In the 2017 general election of members of the House of Representatives, the Democratic Party did not nominate any candidates. Several of its remaining members were elected without party nomination. Most of these joined the formation of the "Group of Independents" (Mushozoku no kai) House of Representatives caucus led by Katsuya Okada in October 2017. Some others such as Seiji Maehara have left the party after the election.

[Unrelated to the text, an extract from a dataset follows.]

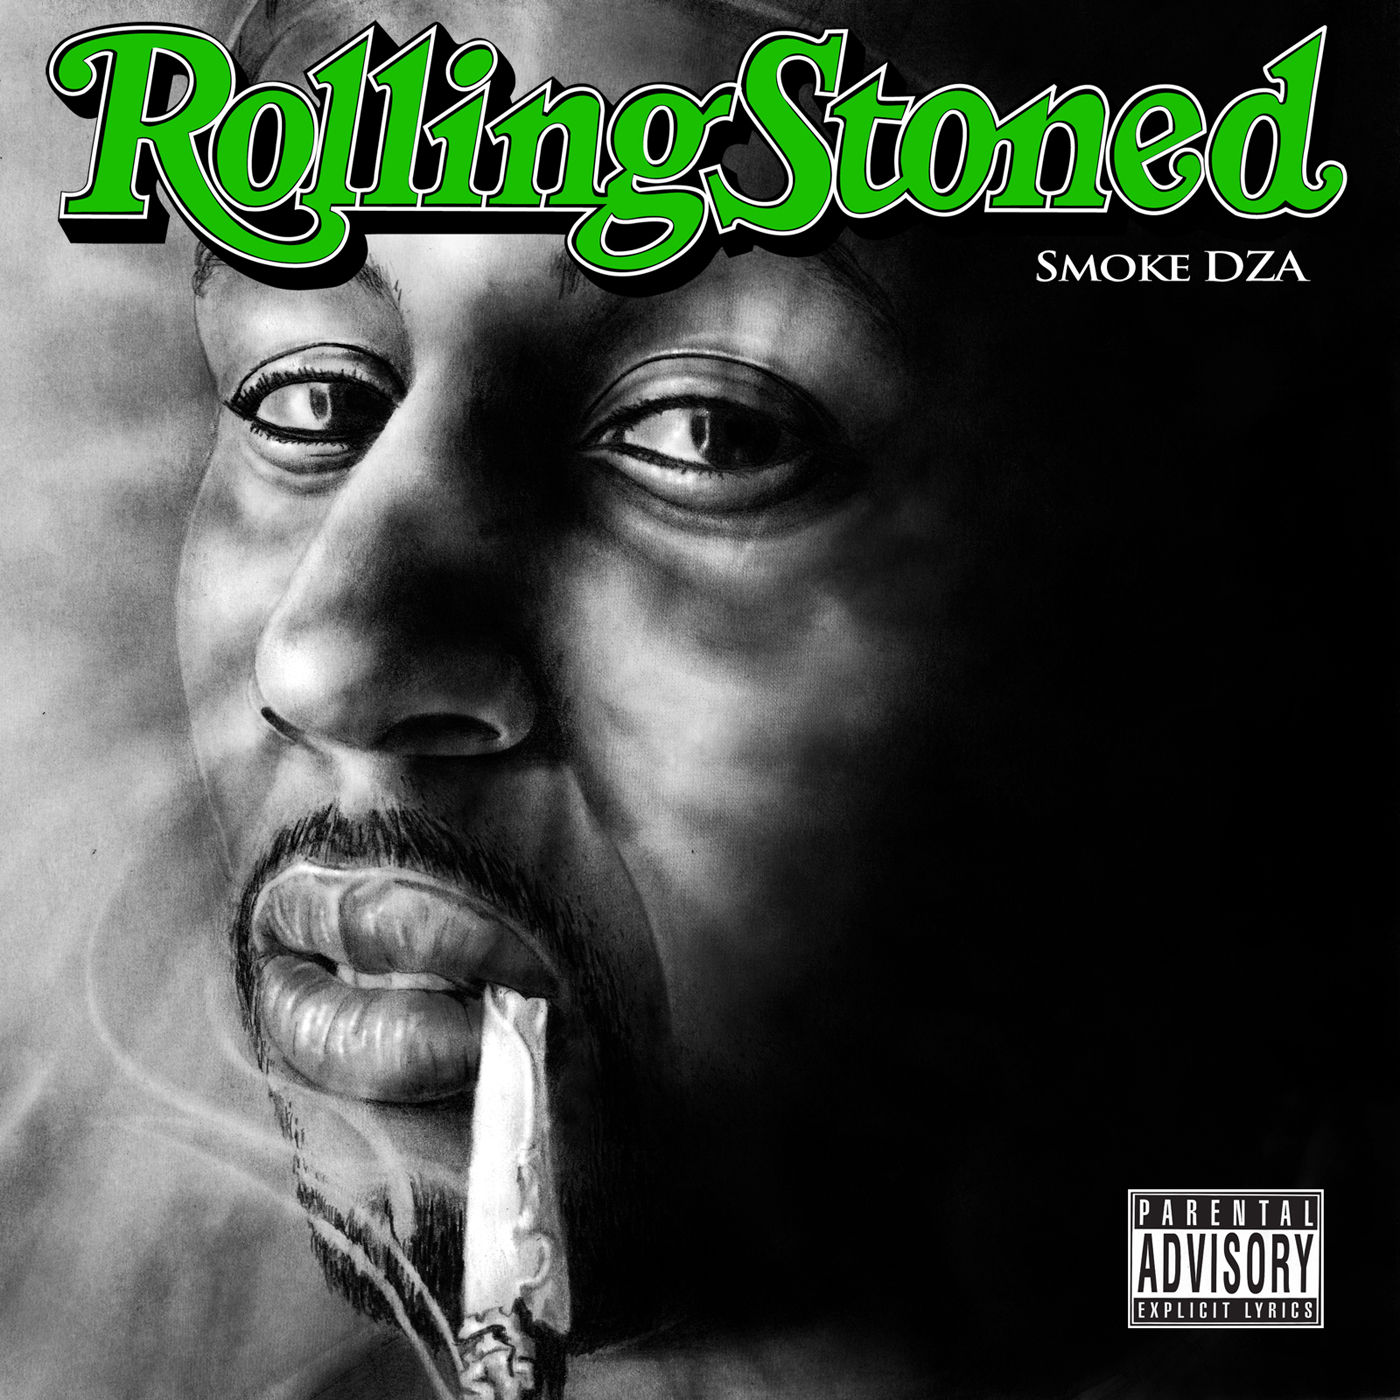 Smoke dza rolling stoned zip rar password download

According to the party, its membership includes 14 members of the House of Representatives as of November, 2017:
- Katsuya Okada (member from Mie 3rd district serving in his 10th term)
- Kōichirō Genba (Fukushima 3, 9th term) – not member of the "Group of Independents" in the 195th Diet as of November 1, 2017, but an independent in terms of caucus membership (see List of members of the Diet of Japan)
- Jun Azumi (Miyagi 5, 8th term)
- Yoshihiko Noda (Chiba 4, 8th term)
- Masaharu Nakagawa (Mie 2, 8th term)
- Kazuhiro Haraguchi (Saga 1, 8th term)
- Hirofumi Hirano (Osaka 11, 7th term)
- Kenji Eda (Kanagawa 8, 6th term)
- Takashi Shinohara (Nagano 1, 6th term)
- Akio Fukuda (Tochigi 2, 5th term)
- Katsuhito Nakajima (Yamanashi 1, 3rd term) – not member of the "Group of Independents"
- Takahiro Kuroiwa (Niigata 3, 3rd term)
- Kazuhiko Shigetoku (Aichi 12, 3rd term) – not member of the "Group of Independents"
- Emi Kaneko (Fukushima 1, 2nd term)

===Councillors election results===

| Election | Leader | # of seats total | # of seats won | # of National votes | % of National vote | # of National seats won | # of Prefectural votes | % of Prefectural vote | # of Prefectural seats won |
|---|---|---|---|---|---|---|---|---|---|
| 2016 | Katsuya Okada | 49 / 242 | 32 / 121 | 11,751,015 | 21.0% | 11 / 48 | 14,215,956 | 25.1% | 21 / 73 |

=== Prefectural election results (incomplete) ===
- June 2016 Okinawa assembly election: Since the time of the national DPJ government, Democrats have been a minor force in the prefecture; the DP only nominated one candidate who was not elected.
- July 2016 Kagoshima gubernatorial election: DP and SDP supported the candidacy of former journalist Satoshi Mitazono who defeated LDP-Kōmeitō-supported three-term incumbent Yūichirō Itō.
- October 2016 Niigata gubernatorial election: Ryūichi Yoneyama (LDP→JRP→JIP→DP), previously head of the DP Niigata 5th district branch and former unsuccessful candidate for both Houses of the Diet, stood with leftist support (JCP, LP, SDP, NSP, Greens) and defeated LDP-Kōmeitō-supported Tamio Mori.
- July 2017 Tokyo assembly election: After having already lost several members to governor Koike's Tomin First no Kai in the run-up to the election, it lost another two seats in the election down to five.